* [EXERCISE PROMPT]:
Skip every image and restate the data word for word.

* [DATA PROVIDED]:
————————
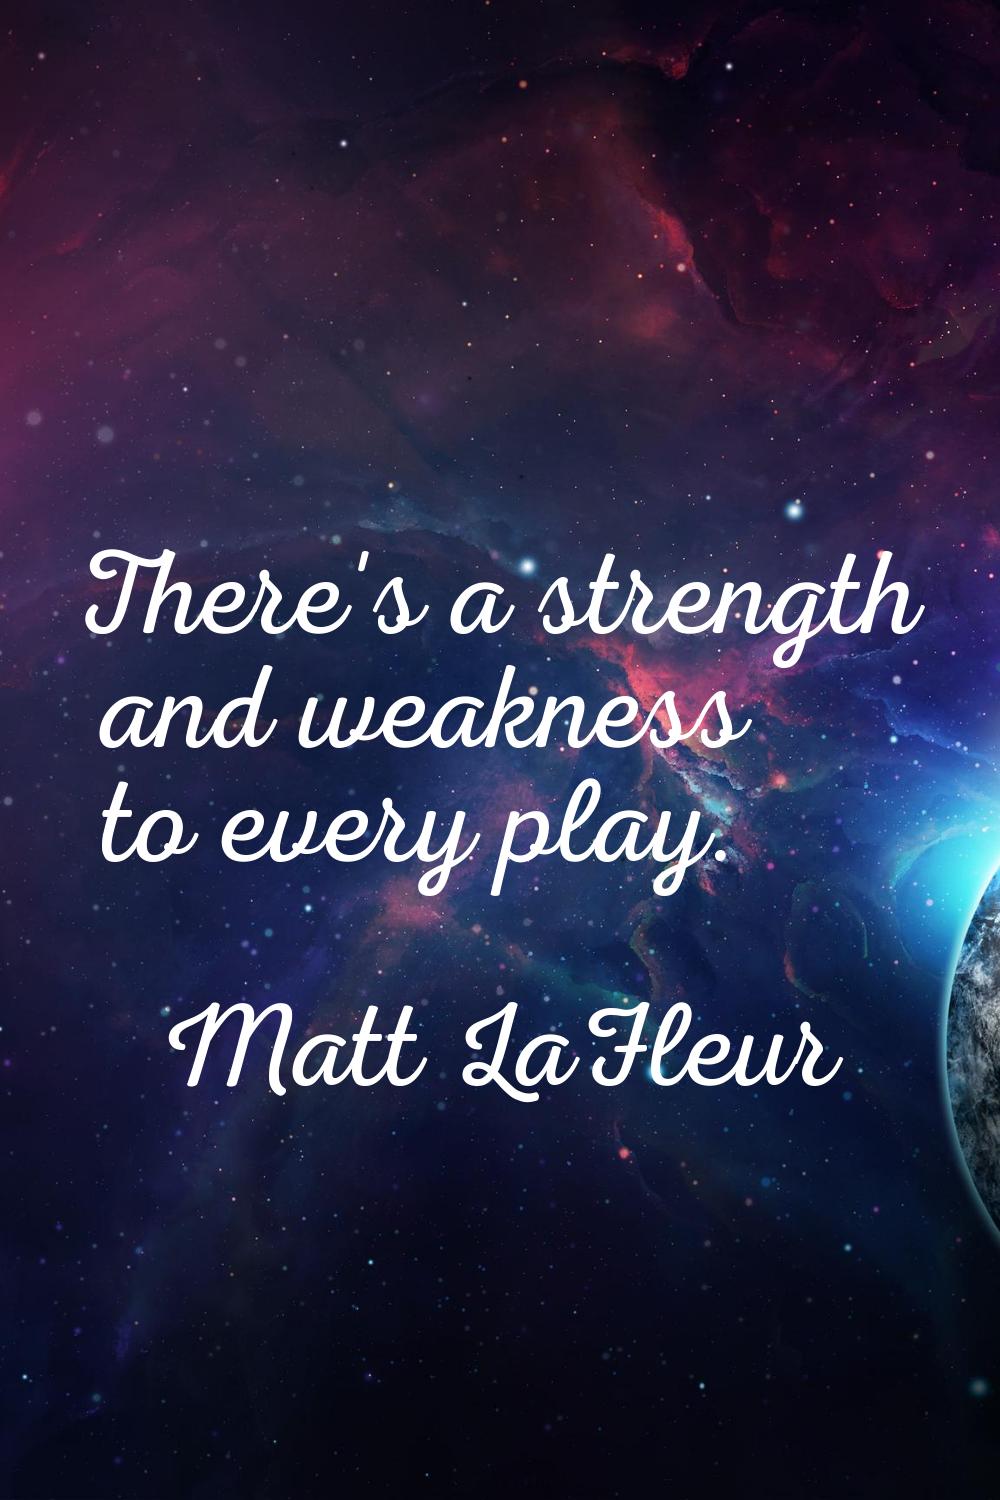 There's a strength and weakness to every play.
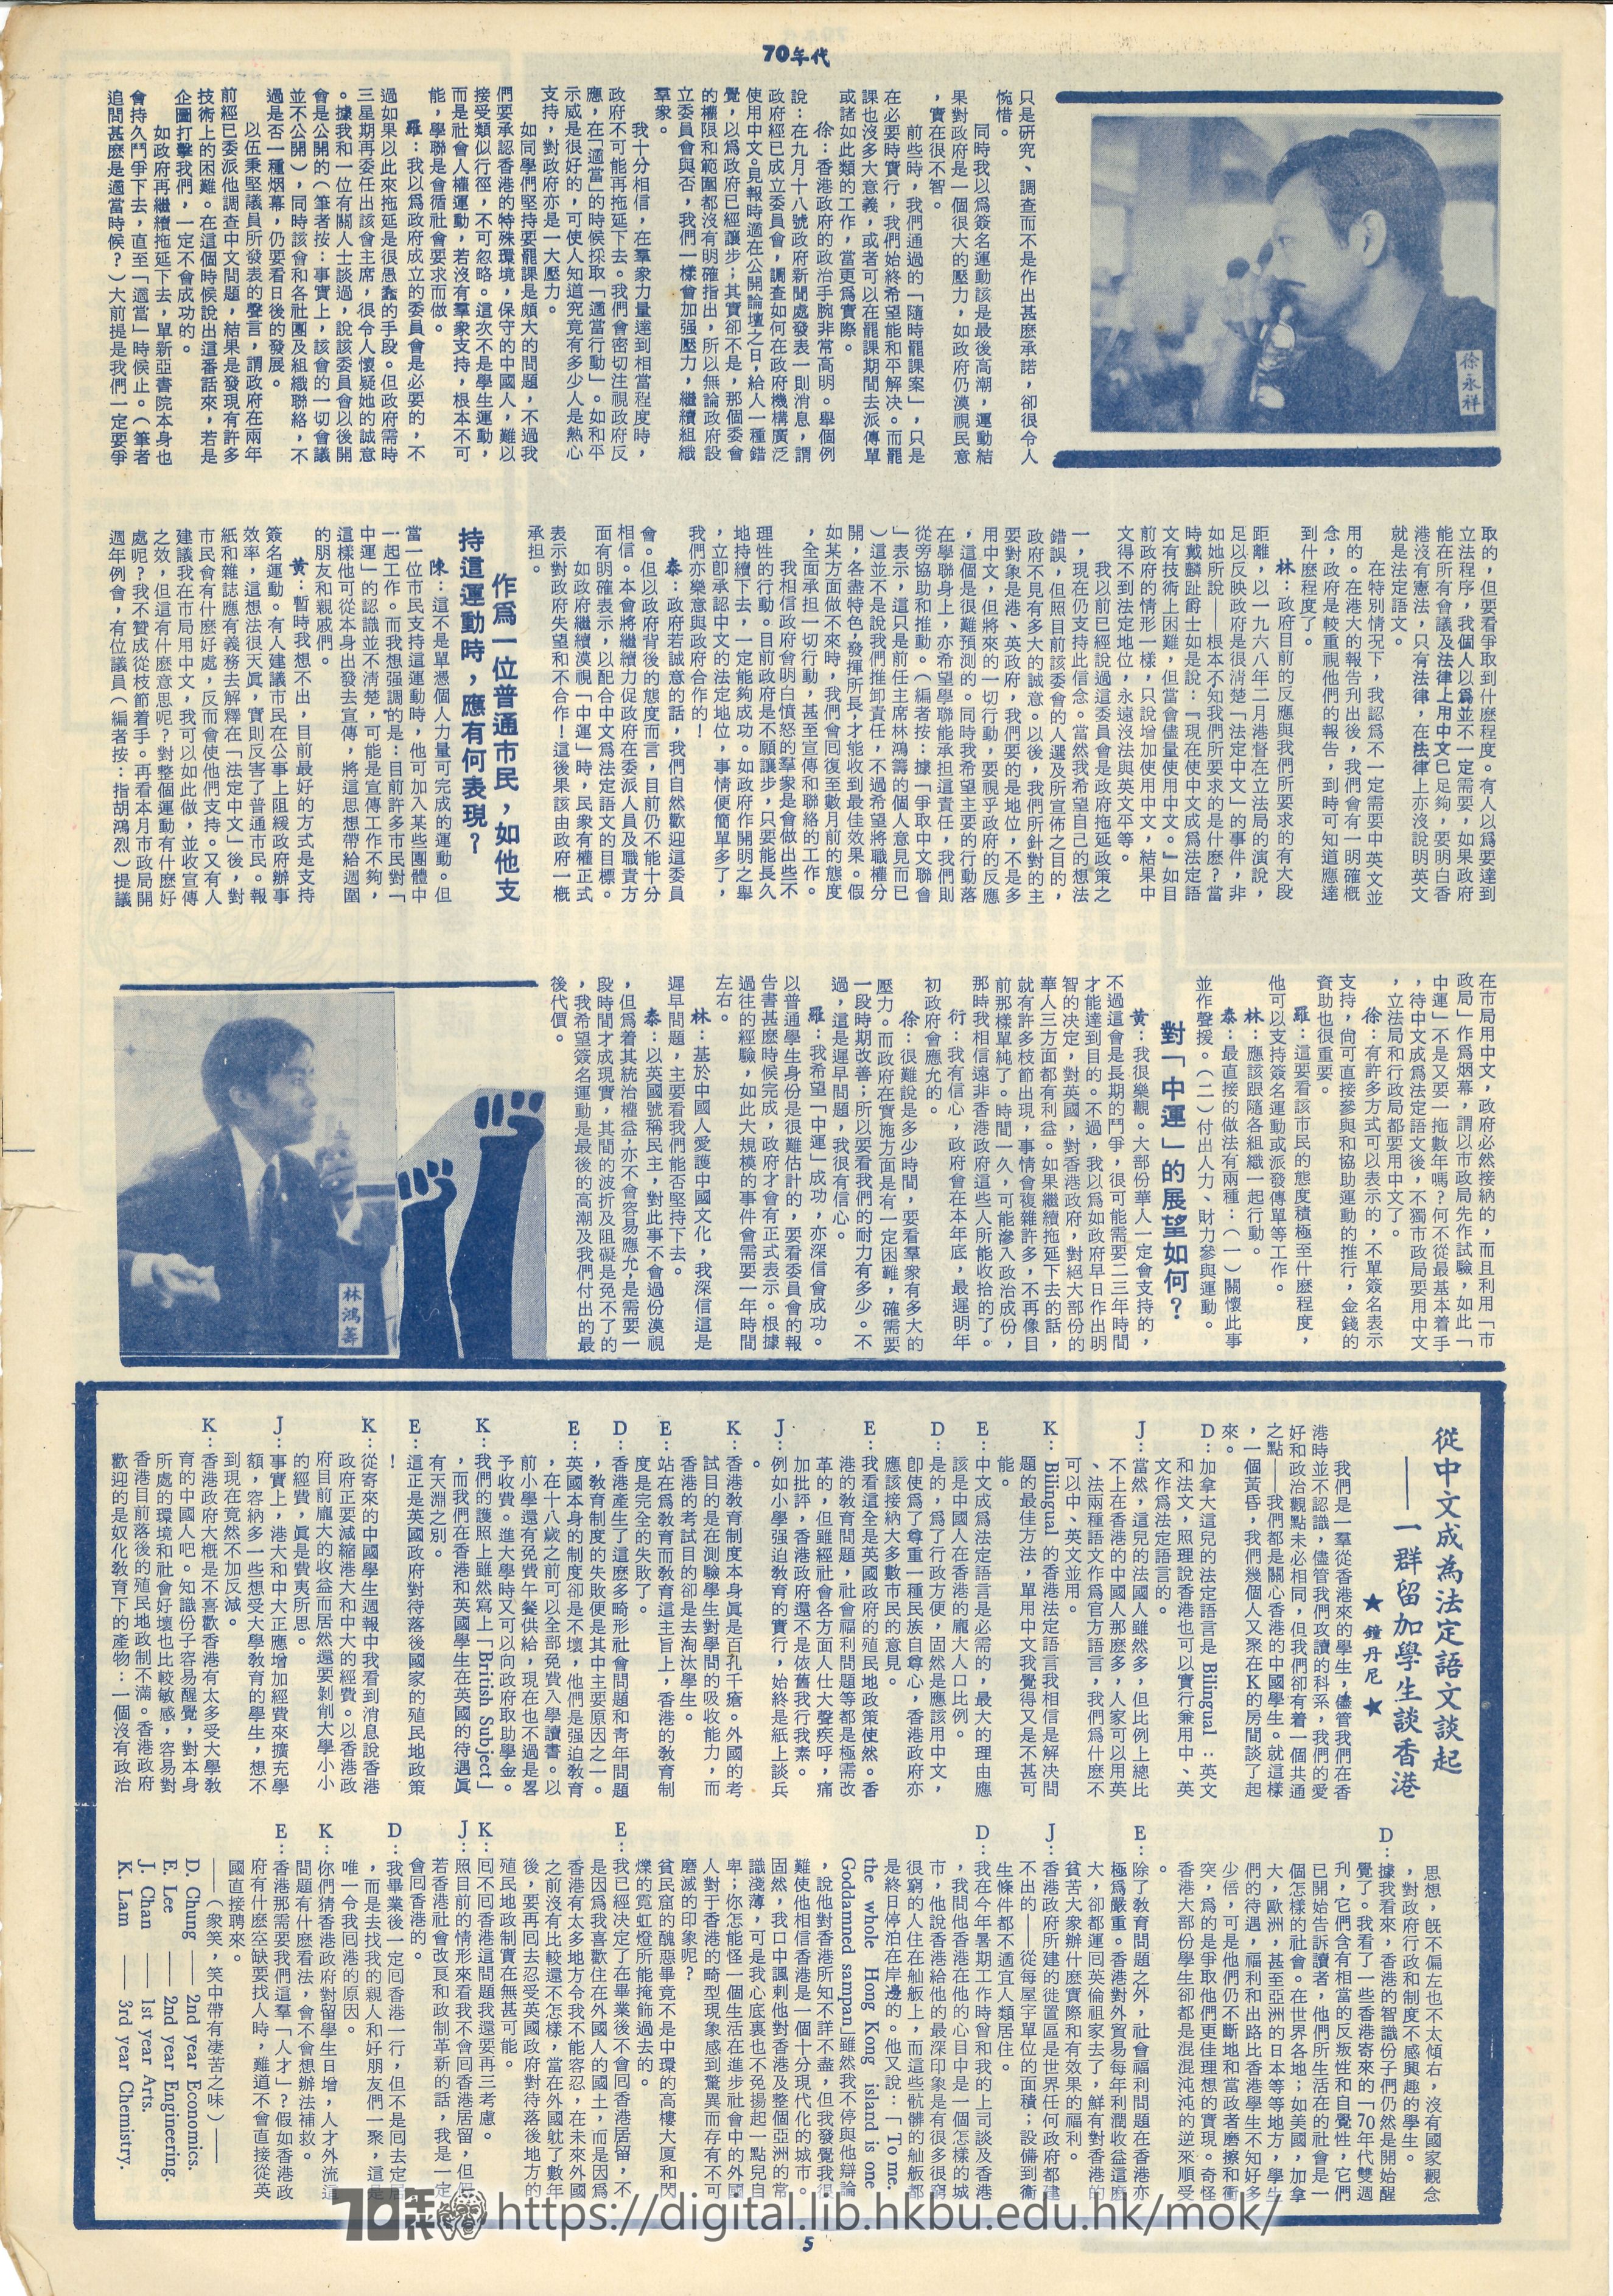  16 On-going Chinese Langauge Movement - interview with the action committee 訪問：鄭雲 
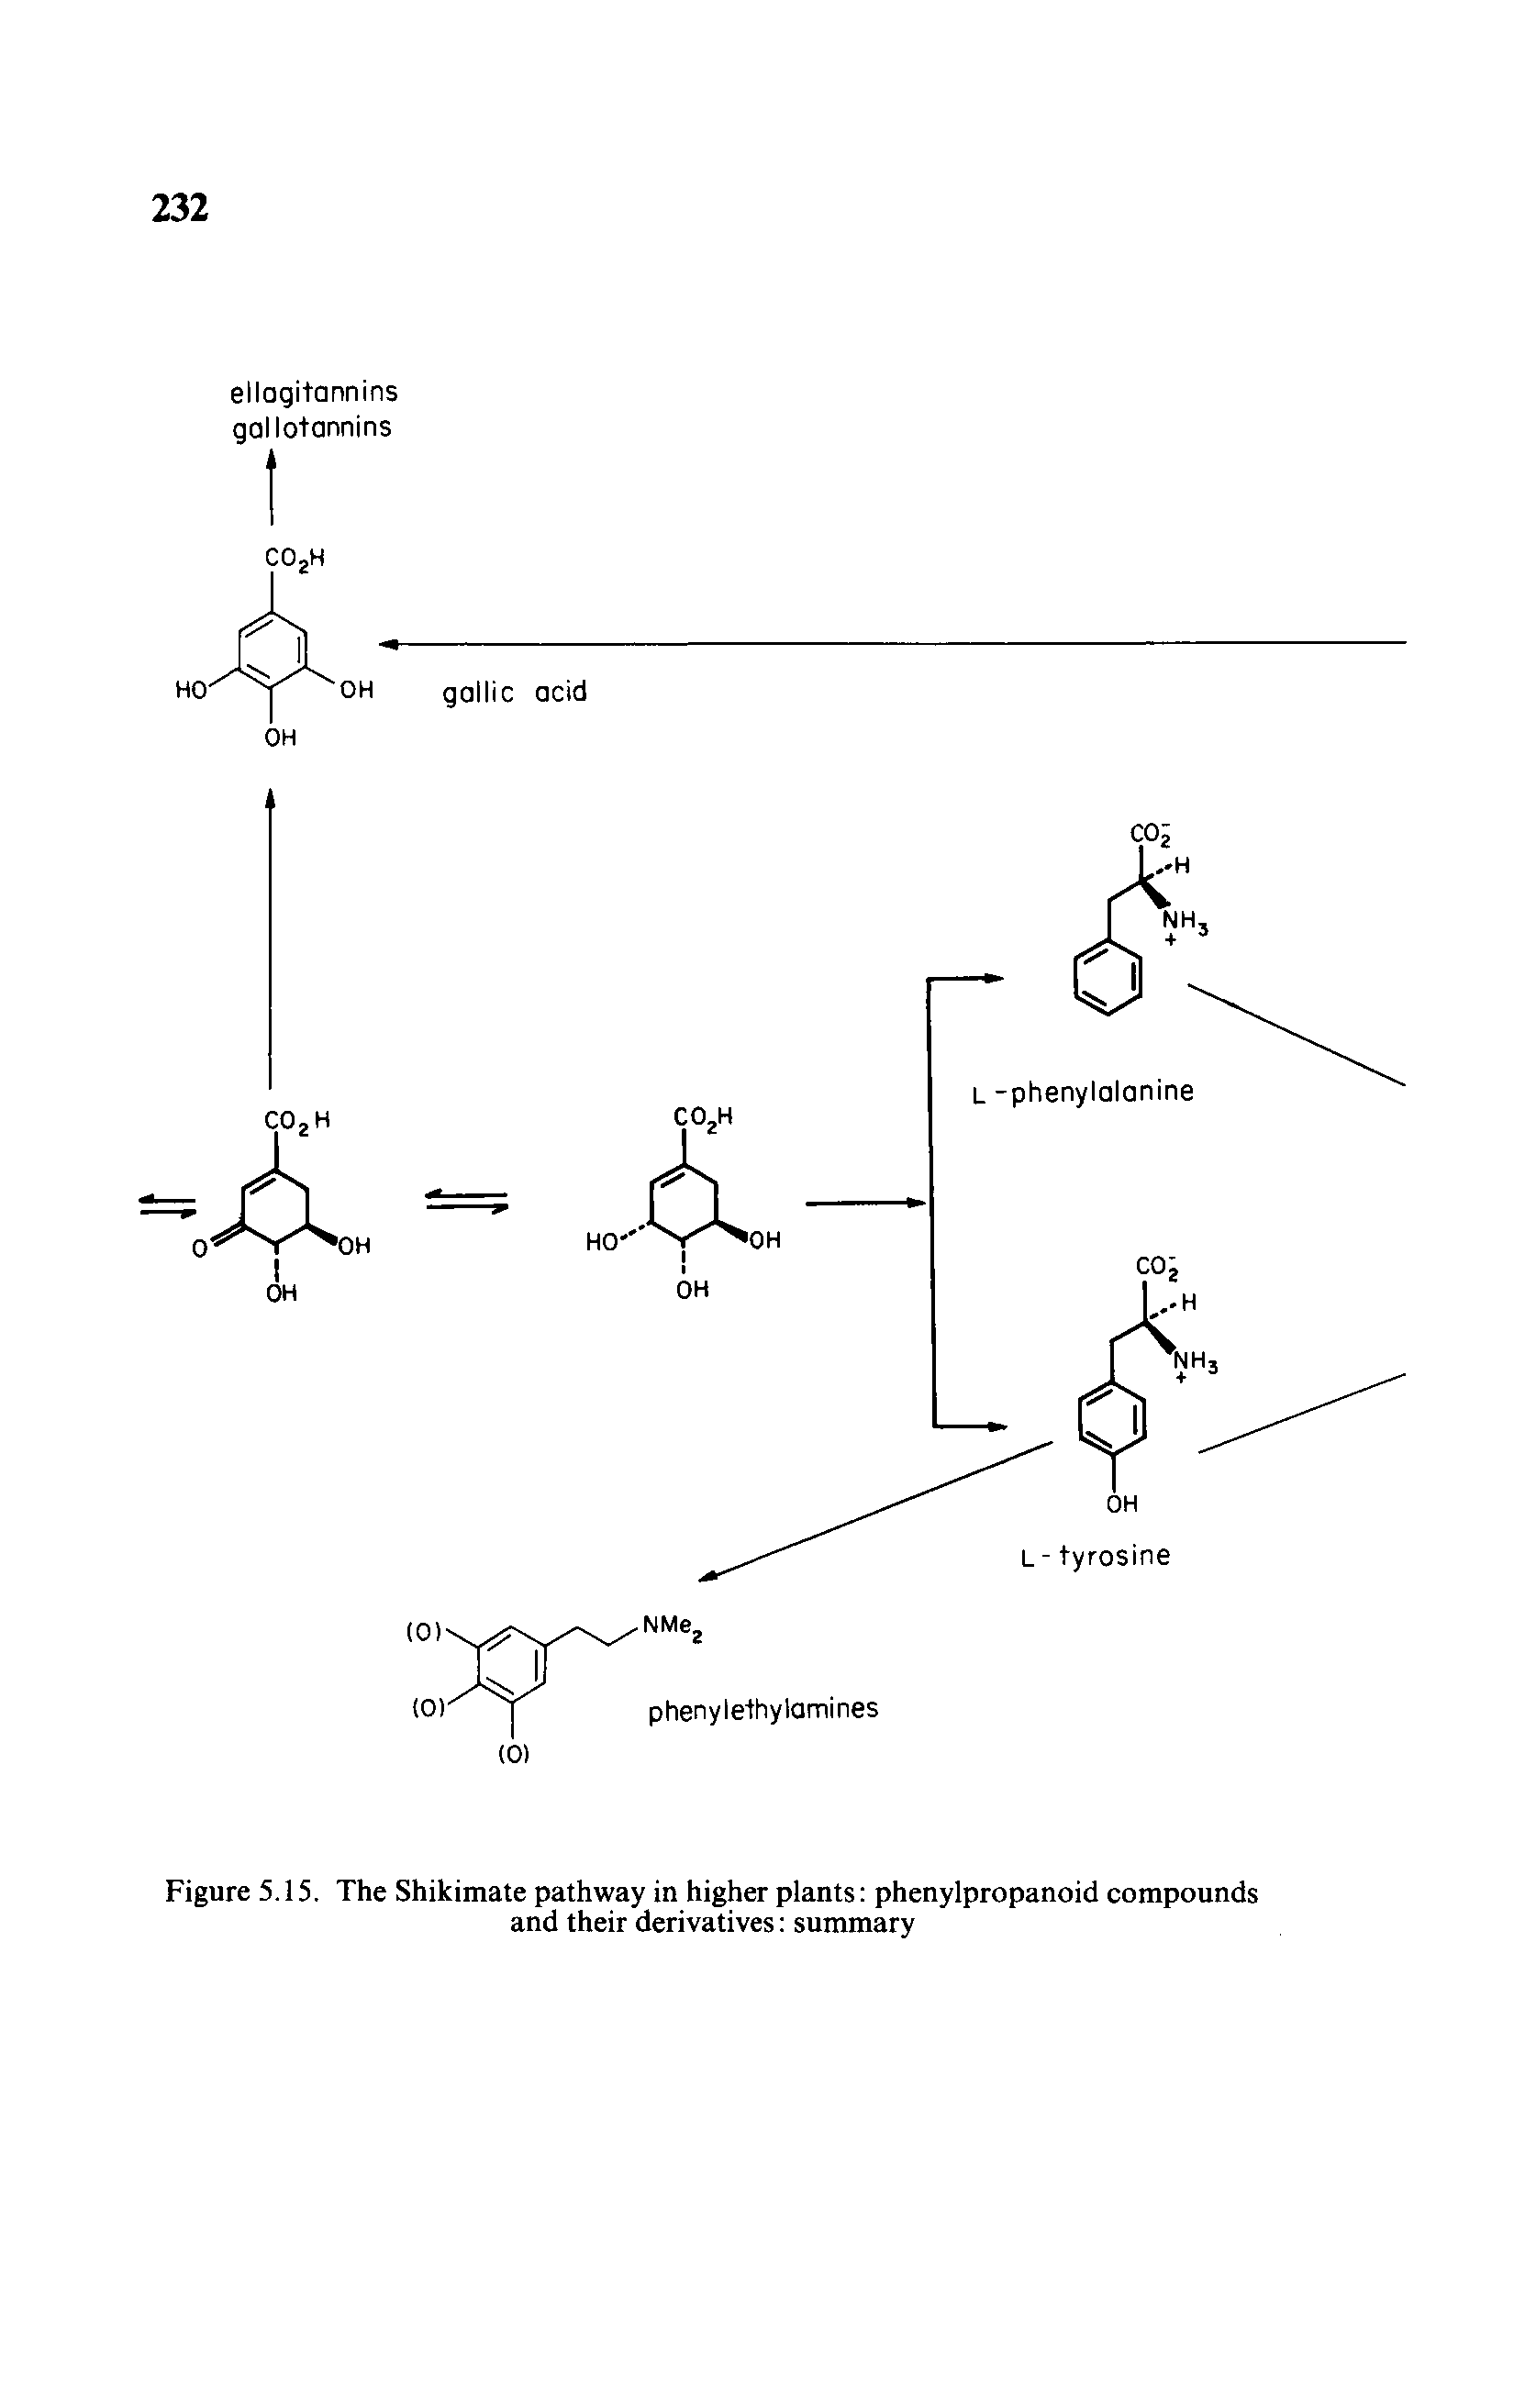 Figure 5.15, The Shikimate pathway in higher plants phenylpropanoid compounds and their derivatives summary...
————————
* [EXERCISE ANSWER]:
 There's a strength and weakness to every play.
  16 On-going Chinese Langauge Movement - interview with the action committee 訪問：鄭雲 
 Figure 5.15, The Shikimate pathway in higher plants phenylpropanoid compounds and their derivatives summary...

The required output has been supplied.